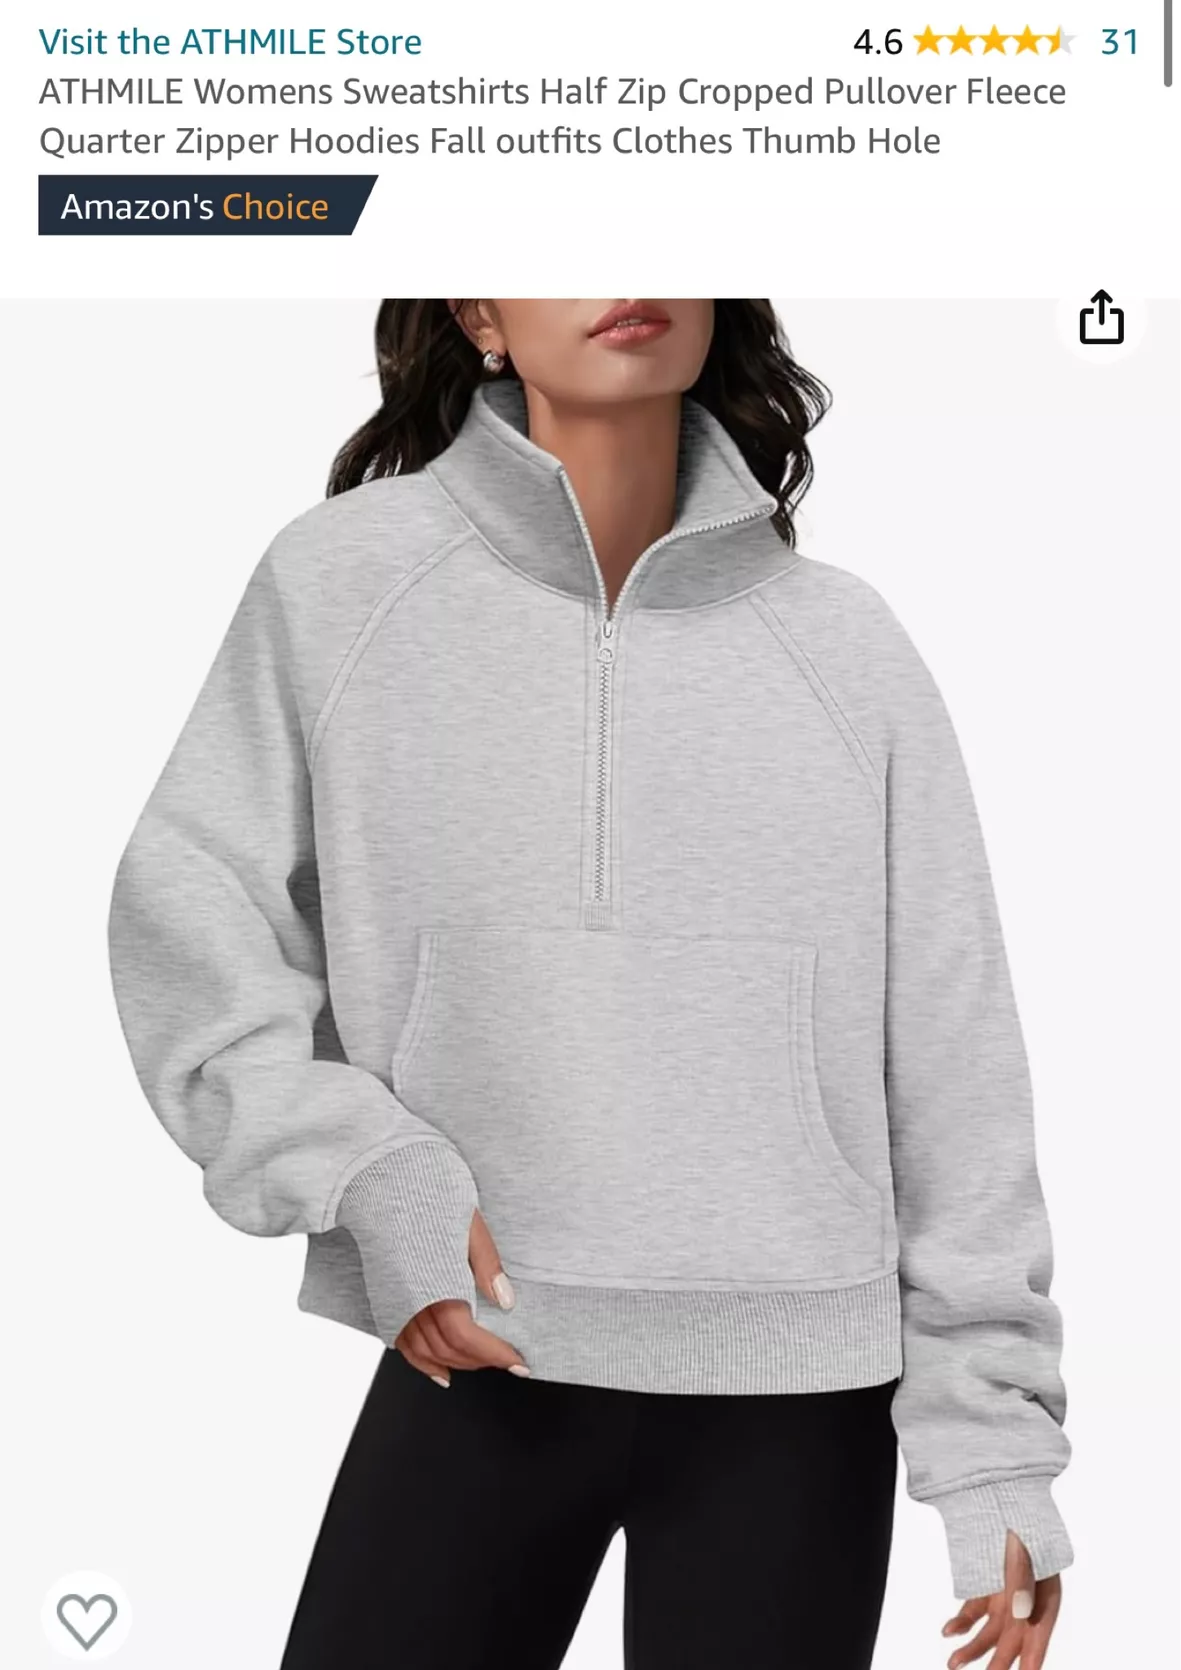  Womens Sweatshirts Half Zip Cropped Pullover Fleece
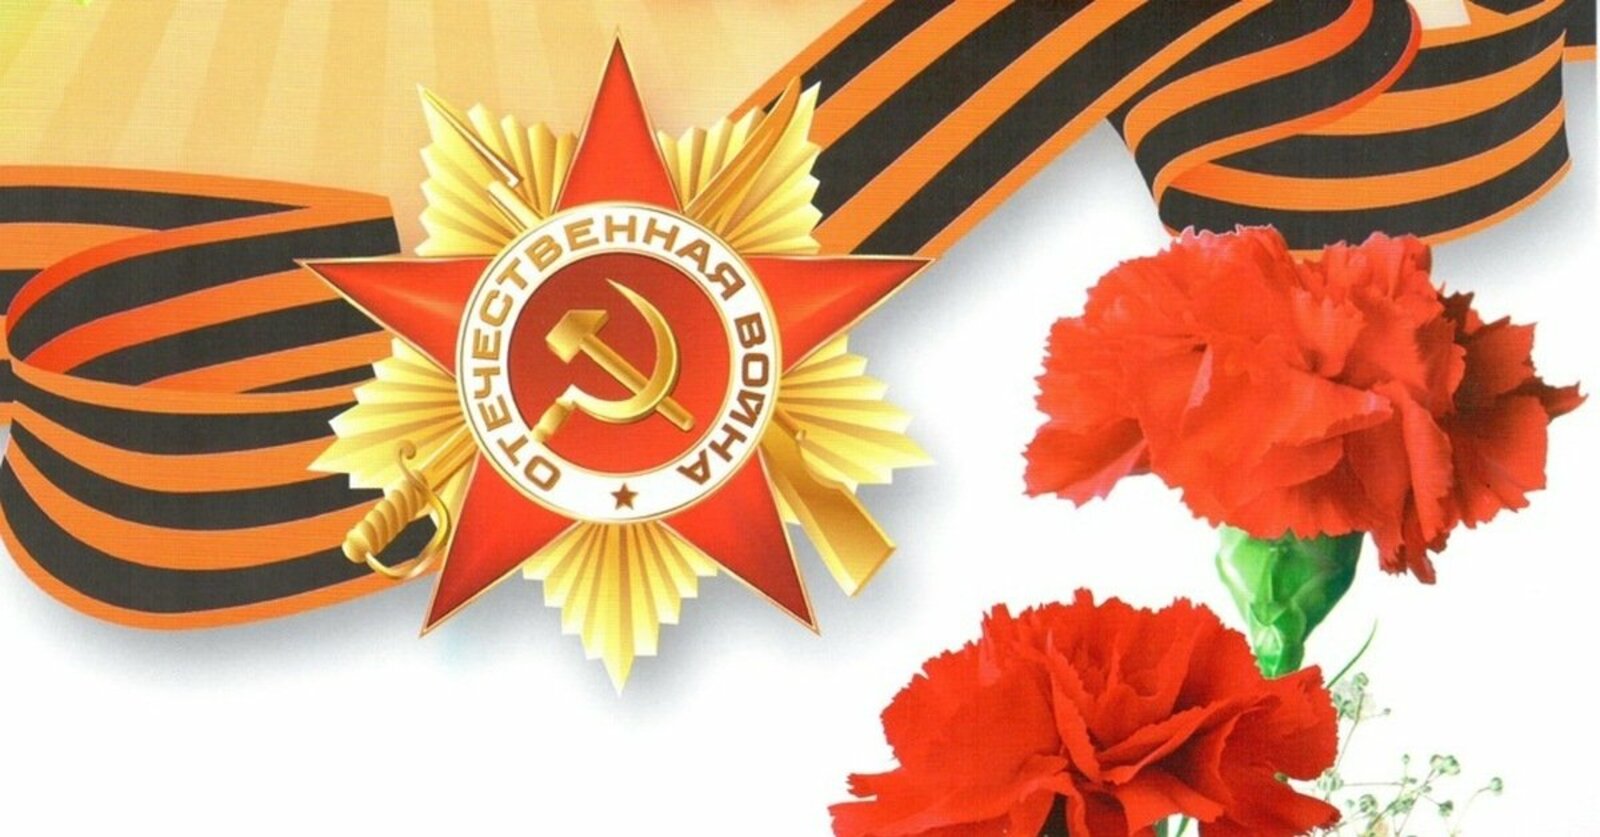 Программа мероприятий на 9 мая, посвященных  77-й годовщине Победы в Великой Отечественной войне
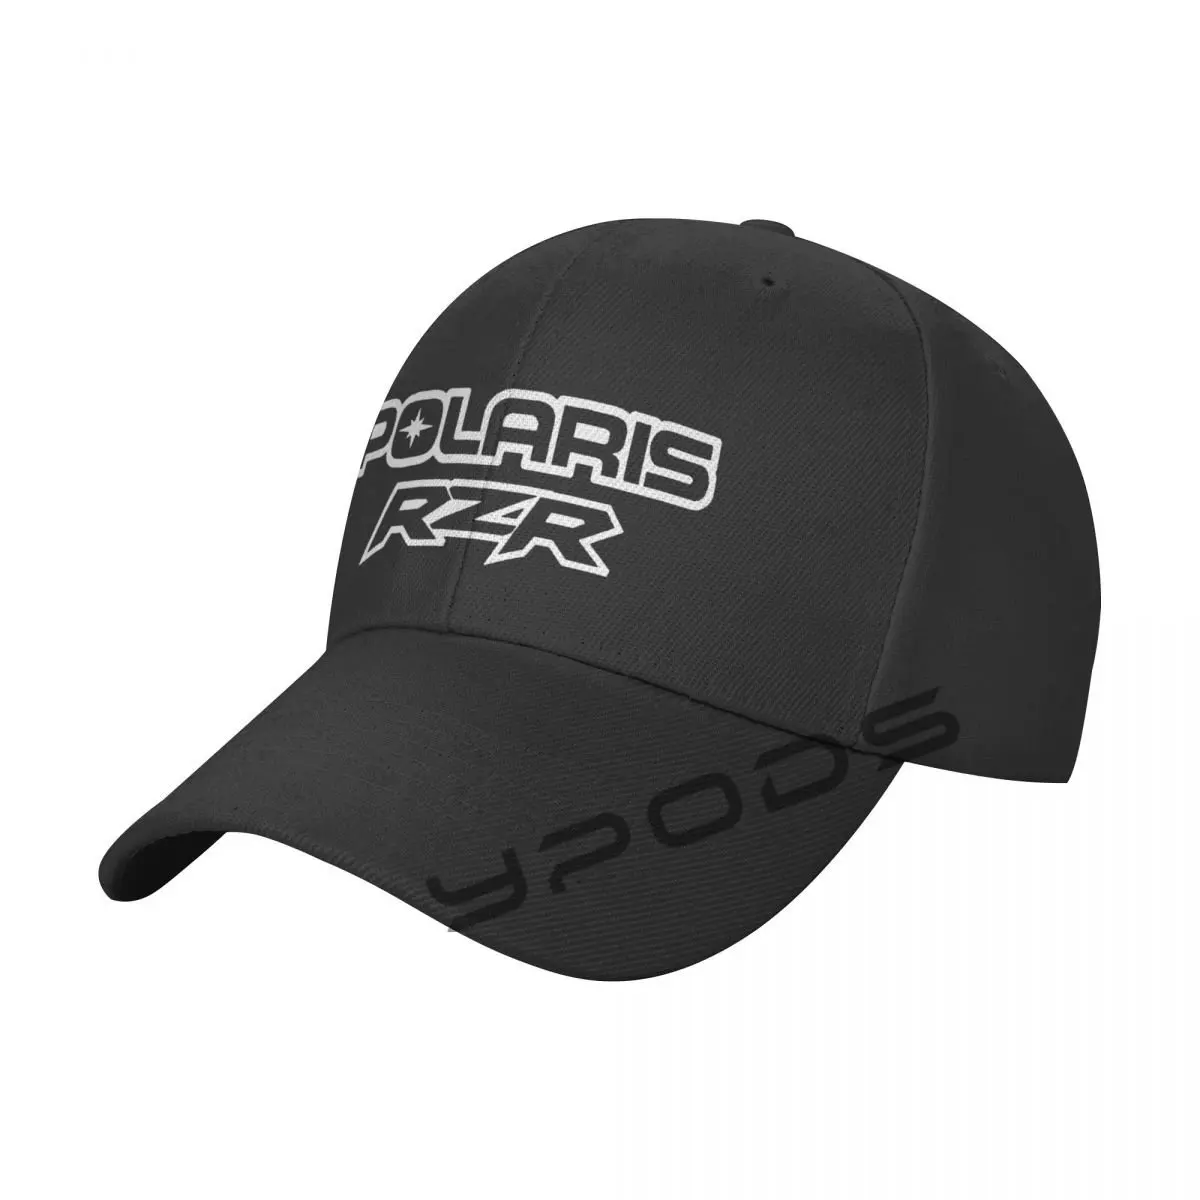 

Polaris Rzr Utv 1 Baseball Cap For Women Men Snapback Hat Casquette Femme Streetwear Sun Visor
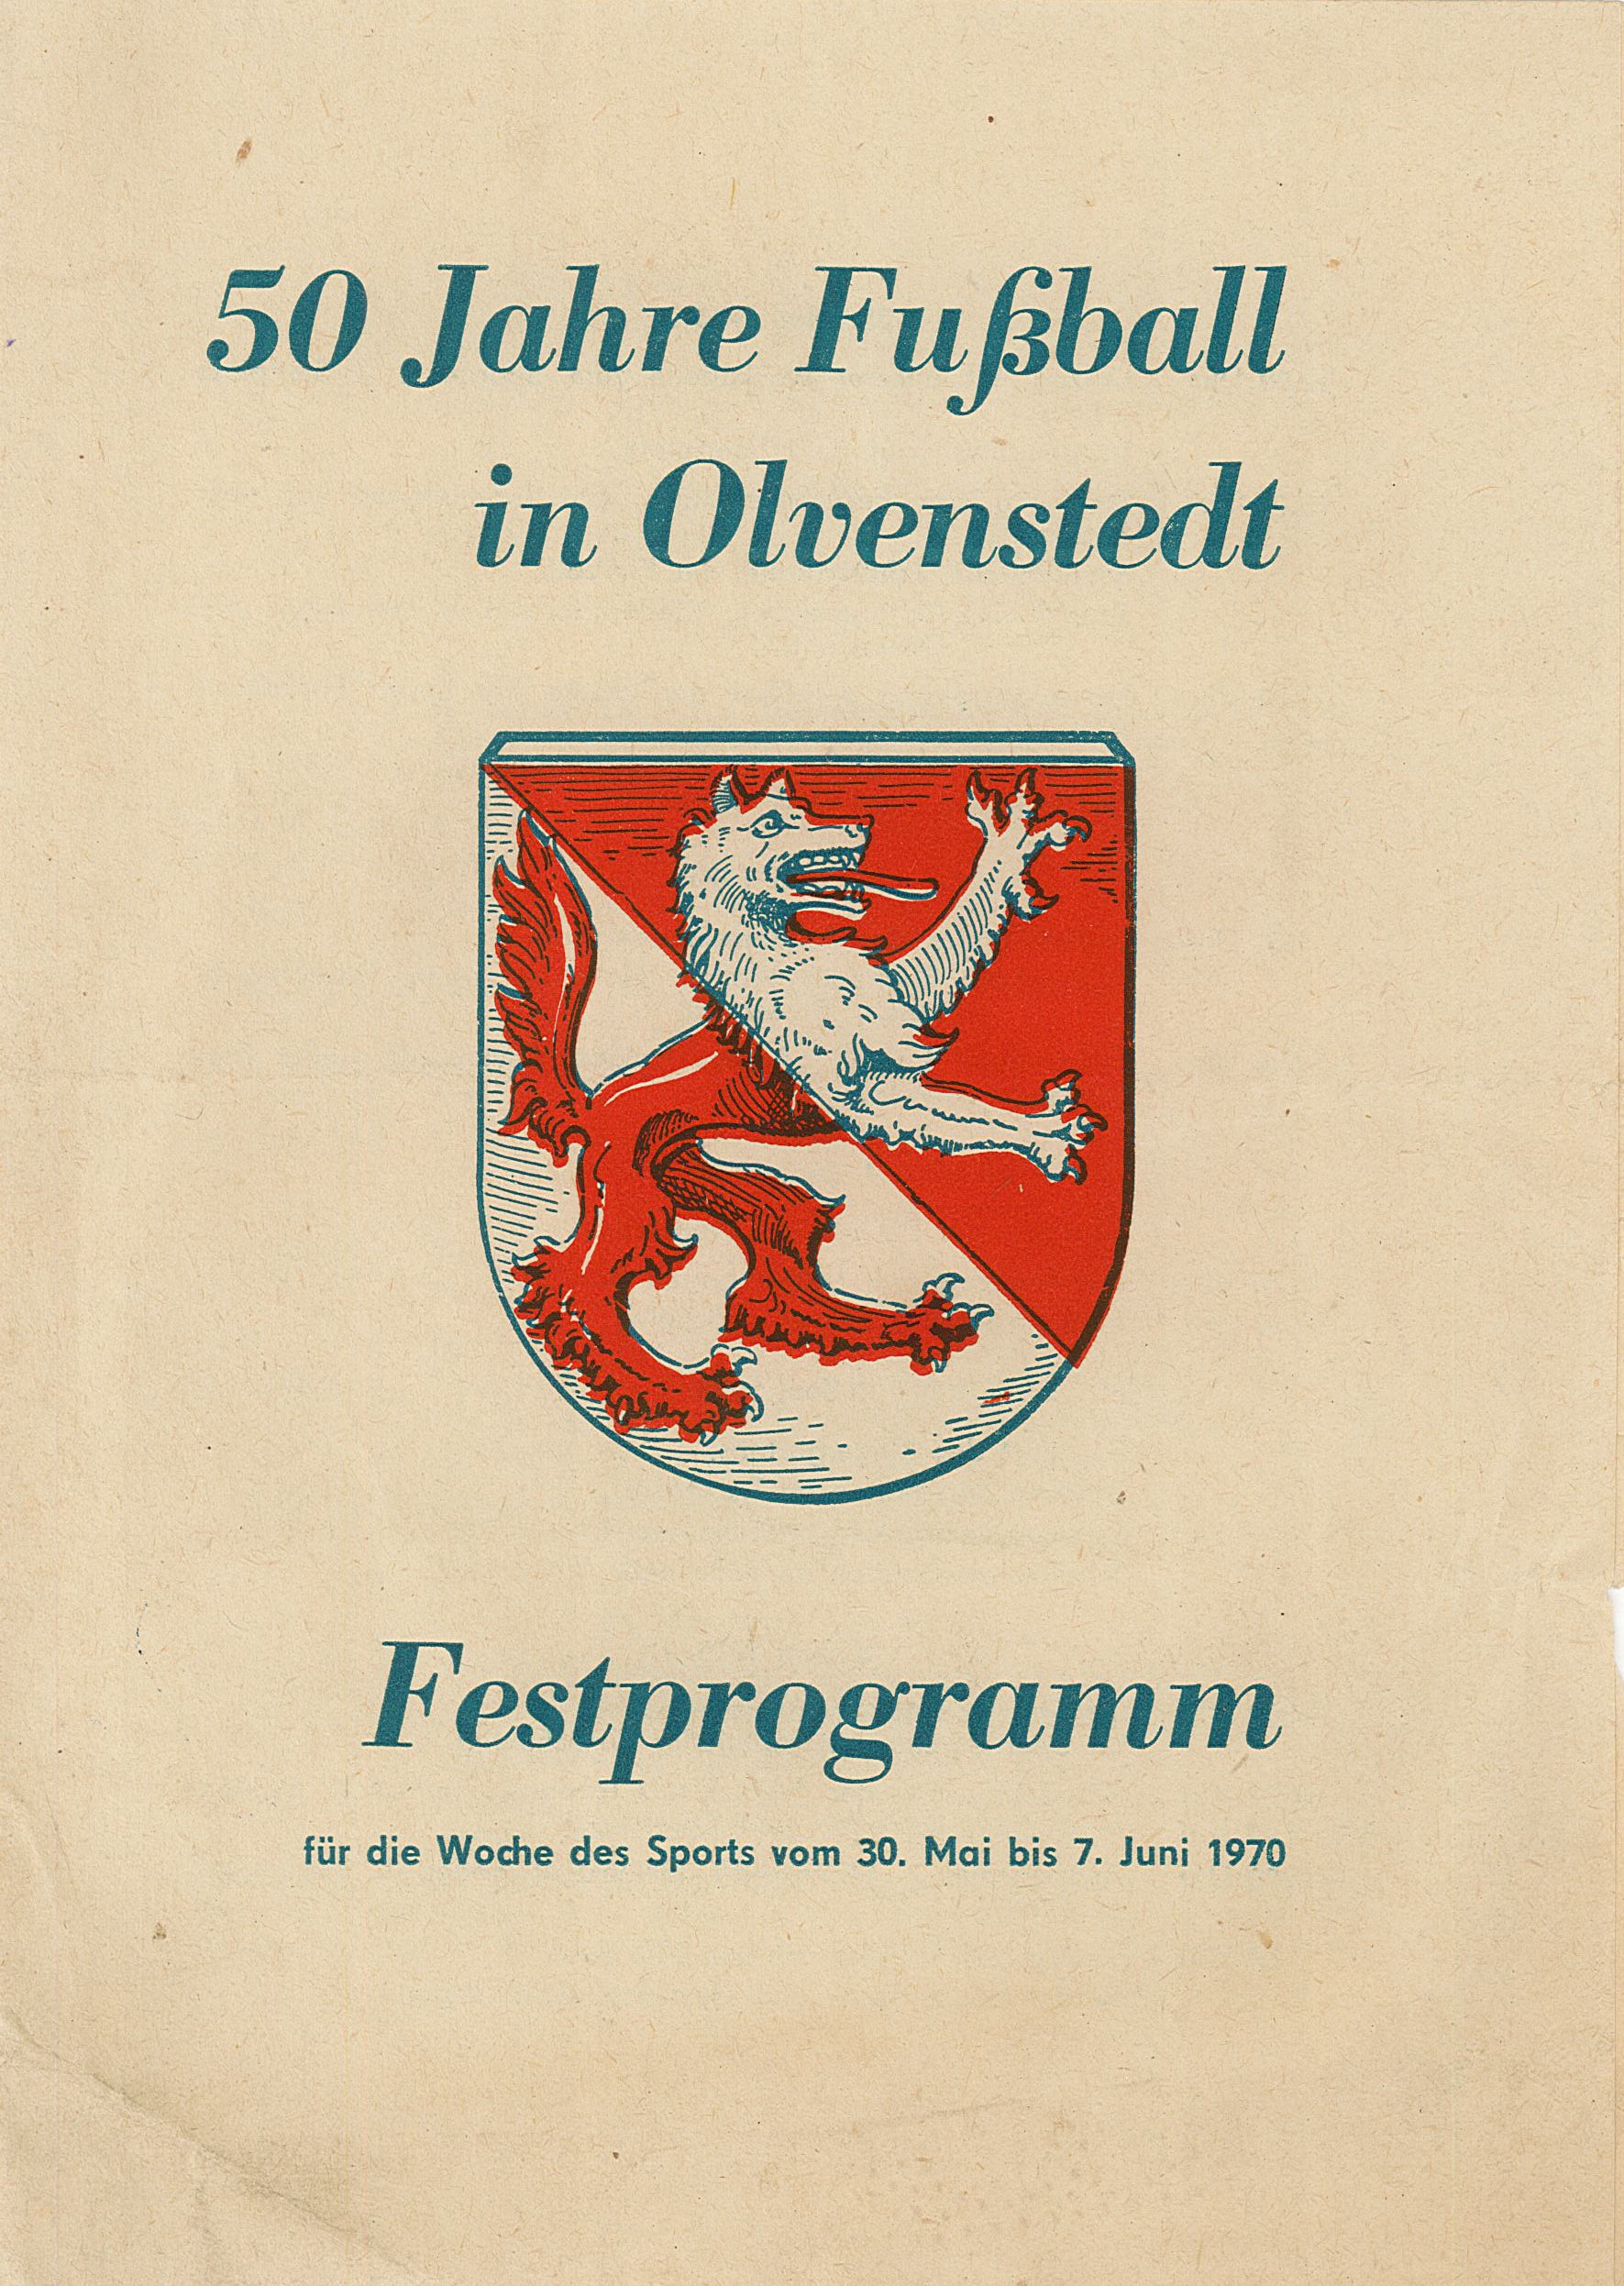 Festprogramm "50 Jahre Fußball in Olvenstedt", 1970 (Museum Wolmirstedt RR-F)

== == ==

§ Task to carry out: Give back the material above exactly, without pictures.

§ Response to the exercise:
  Womens Sweatshirts Half Zip Cropped Pullover Fleece
 Программа мероприятий на 9 мая, посвященных  77-й годовщине Победы в Великой Отечественной войне

Polaris Rzr Utv 1 Baseball Cap For Women Men Snapback Hat Casquette Femme Streetwear Sun Visor
 Festprogramm "50 Jahre Fußball in Olvenstedt", 1970 (Museum Wolmirstedt RR-F)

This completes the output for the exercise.